Third closing date of the Offer - acceptances
* As at 1.00 pm on 31 January 2008, the third closing date of the Offer,
valid acceptances had been received in respect of 8,748,193 Imprint Shares
representing approximately 22.82 per cent of Imprint's existing issued share
capital. Each of these acceptances may be counted by OPD towards the
satisfaction of the acceptance condition of the Offer.
* As set out in the OPD announcement on 7 November 2007, OPD had received
irrevocable undertakings from the Imprint Directors to accept the Offer in
respect of their entire beneficial holdings of 439,701 Imprint Shares,
representing, in aggregate, approximately 1.14 per cent. of Imprint's
existing issued share capital. With respect to these irrevocable
undertakings, valid acceptances of the Offer have been received in respect
of 64,500 Imprint Shares representing approximately 0.16 per cent of
Imprint's existing issued share capital. These acceptances are included in
the total of valid acceptances referred to above. The balance of Imprint
Shares covered by these irrevocable undertakings to accept the Offer, being
375,201 Imprint Shares representing approximately 0.98 per cent of Imprint's
existing issued share capital remain outstanding. The details of the
irrevocable undertakings and of those that are outstanding are set out in
the Appendix.
* Prior to the Offer PSD Limited, a subsidiary of OPD, owned 2,000,000
Imprint Shares representing approximately 5.22 per cent of Imprint's
existing issued share capital. Accordingly as at 1.00 pm on 31 January 2008
OPD either owned (through its subsidiary PSD Limited), had received valid
acceptances, or had outstanding irrevocable undertakings to accept the Offer
in respect of a total of 11,123,394 Imprint Shares, representing
approximately 29.02 per cent. of Imprint's existing issued share capital.

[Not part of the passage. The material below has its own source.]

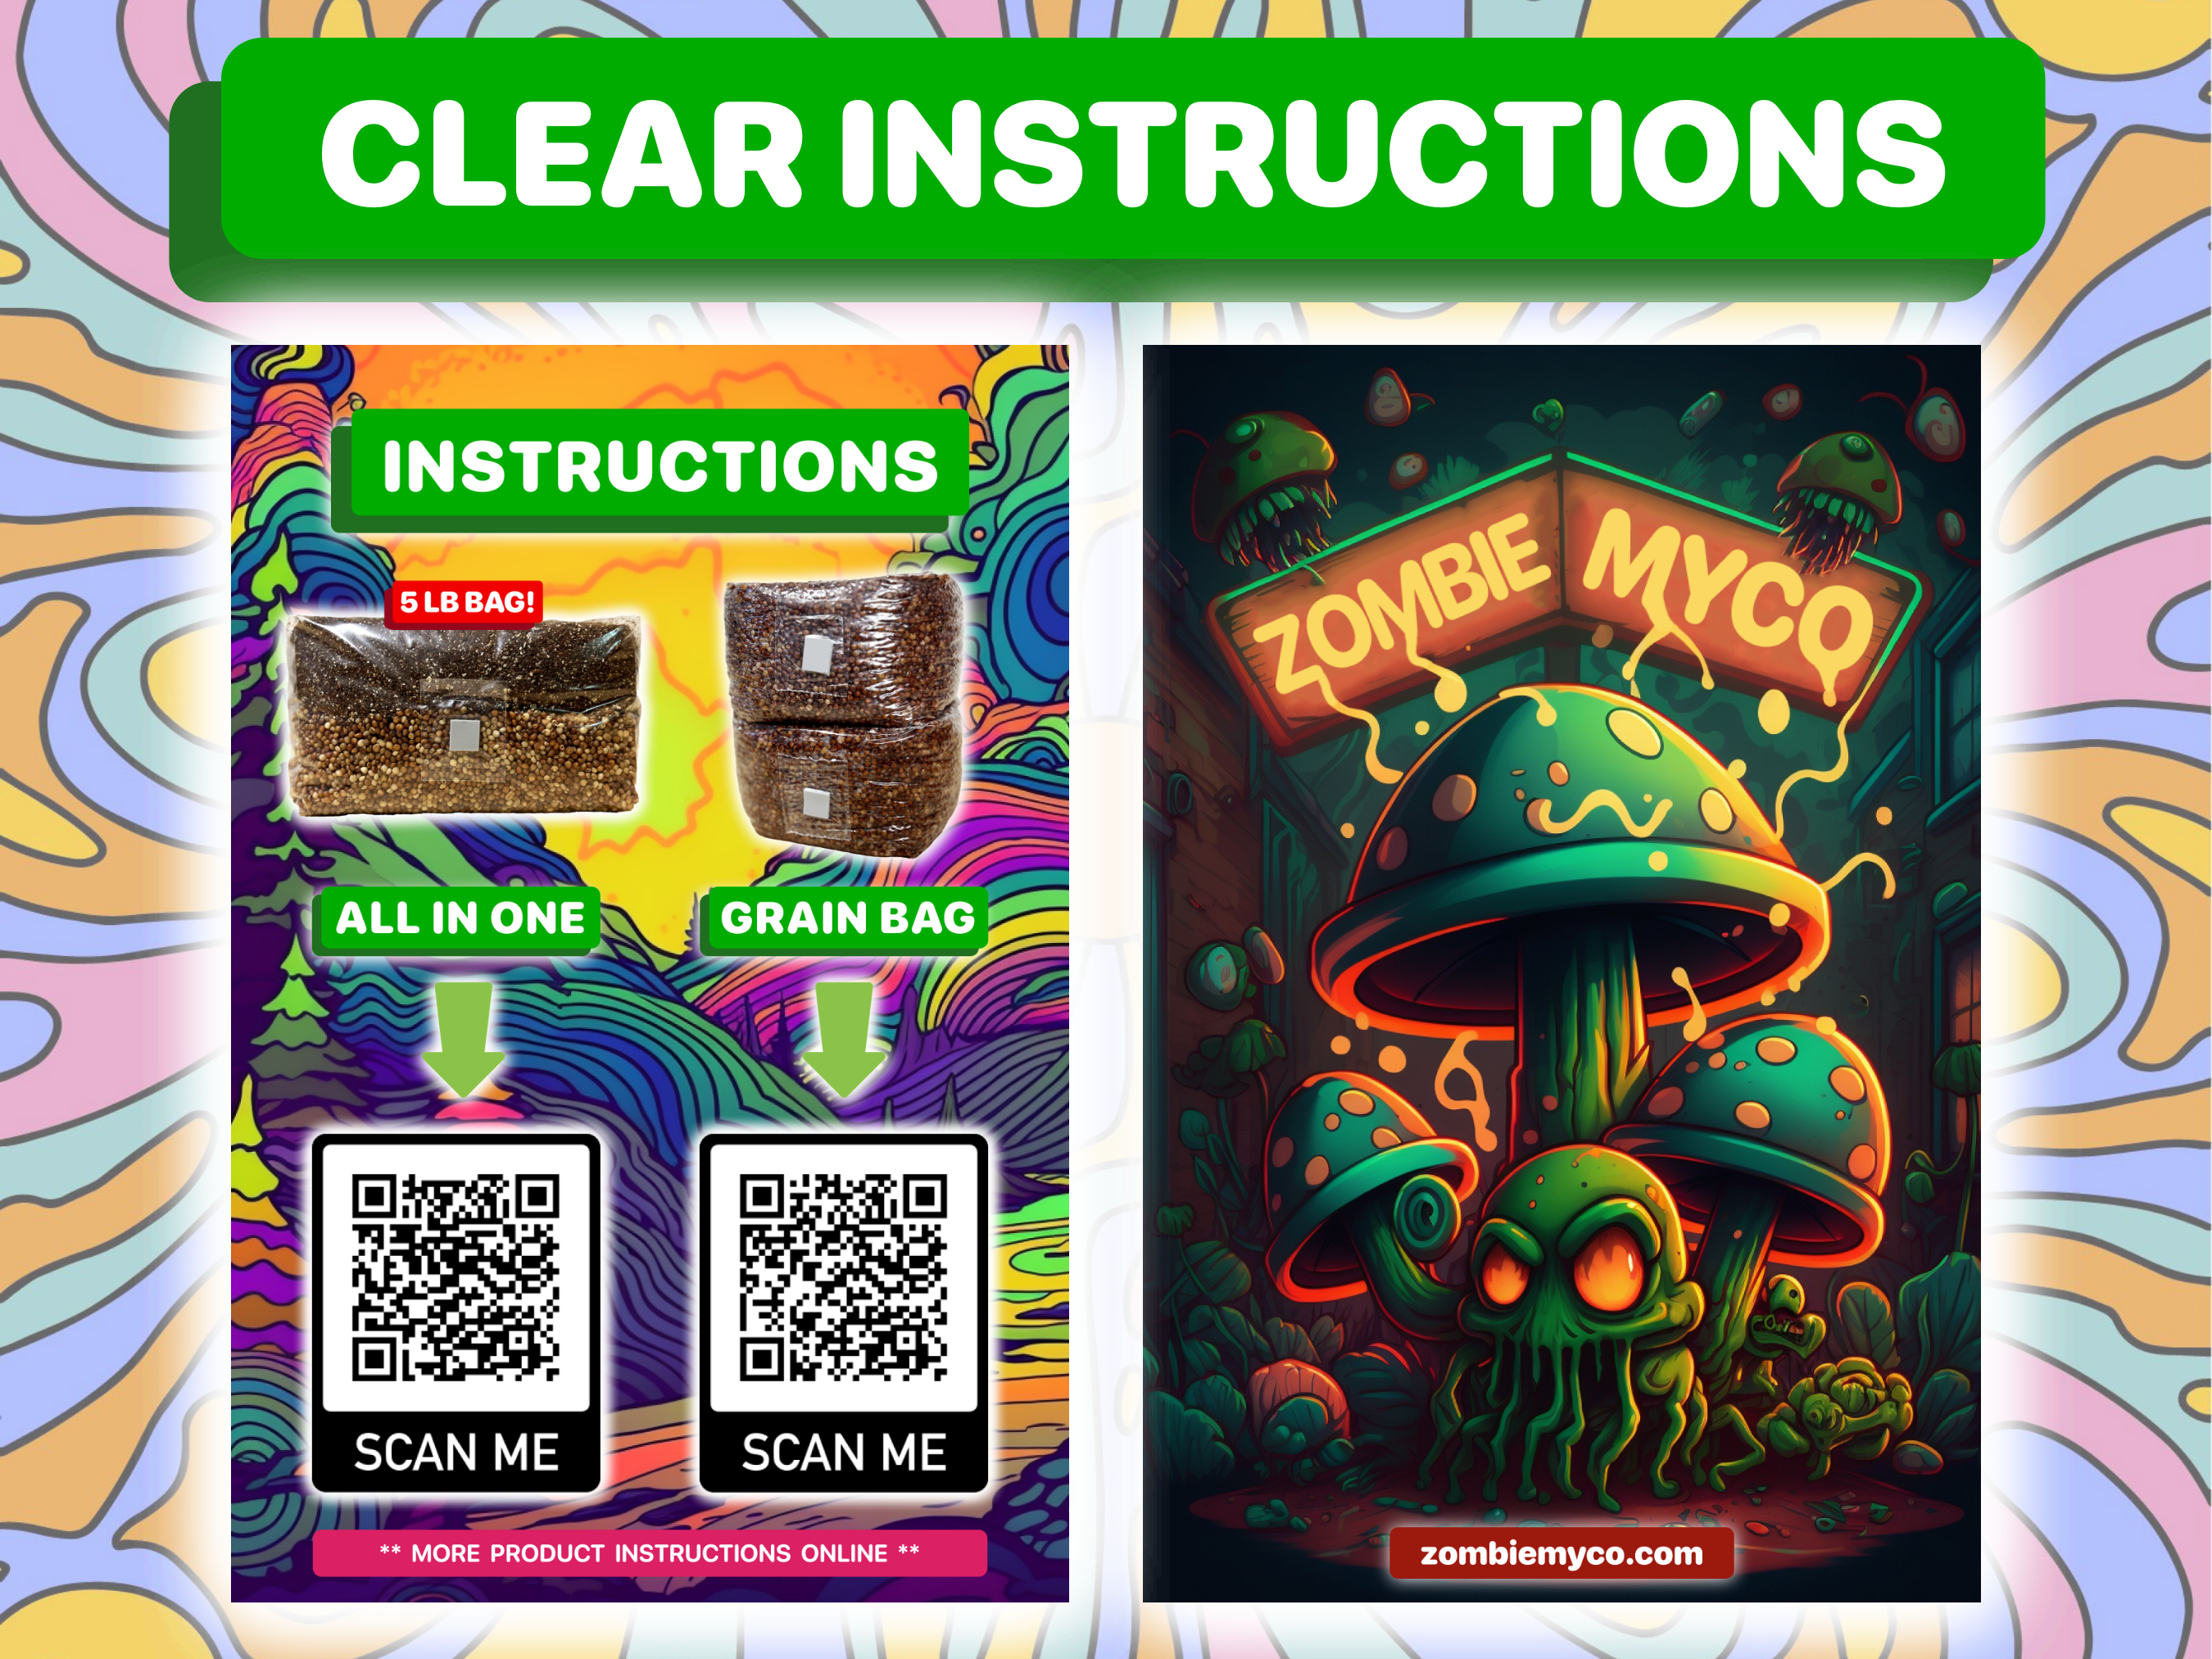 clear instructions on how to purchase, with qr code you can scan

* Save as disclosed in this Announcement neither OPD nor any person acting
in concert with OPD for the purposes of the Offer held any Imprint Shares
(or rights over such shares) prior to 8 August 2007, the first day of the
Offer Period, nor has any such person acquired or agreed to acquire any such
shares (or rights over such shares) since the commencement of the Offer
Period.
Offer extended
* The Offer, which remains subject to the terms and conditions set out in
the Offer Document, is being extended and will remain open for acceptance
until the next closing date, which will be 1.00 pm on 14 February 2008. Any
further extension of the Offer will be publicly announced by 8.00am on the
business day following the day on which the Offer is otherwise due to
expire, or such later time or date as the Panel may agree.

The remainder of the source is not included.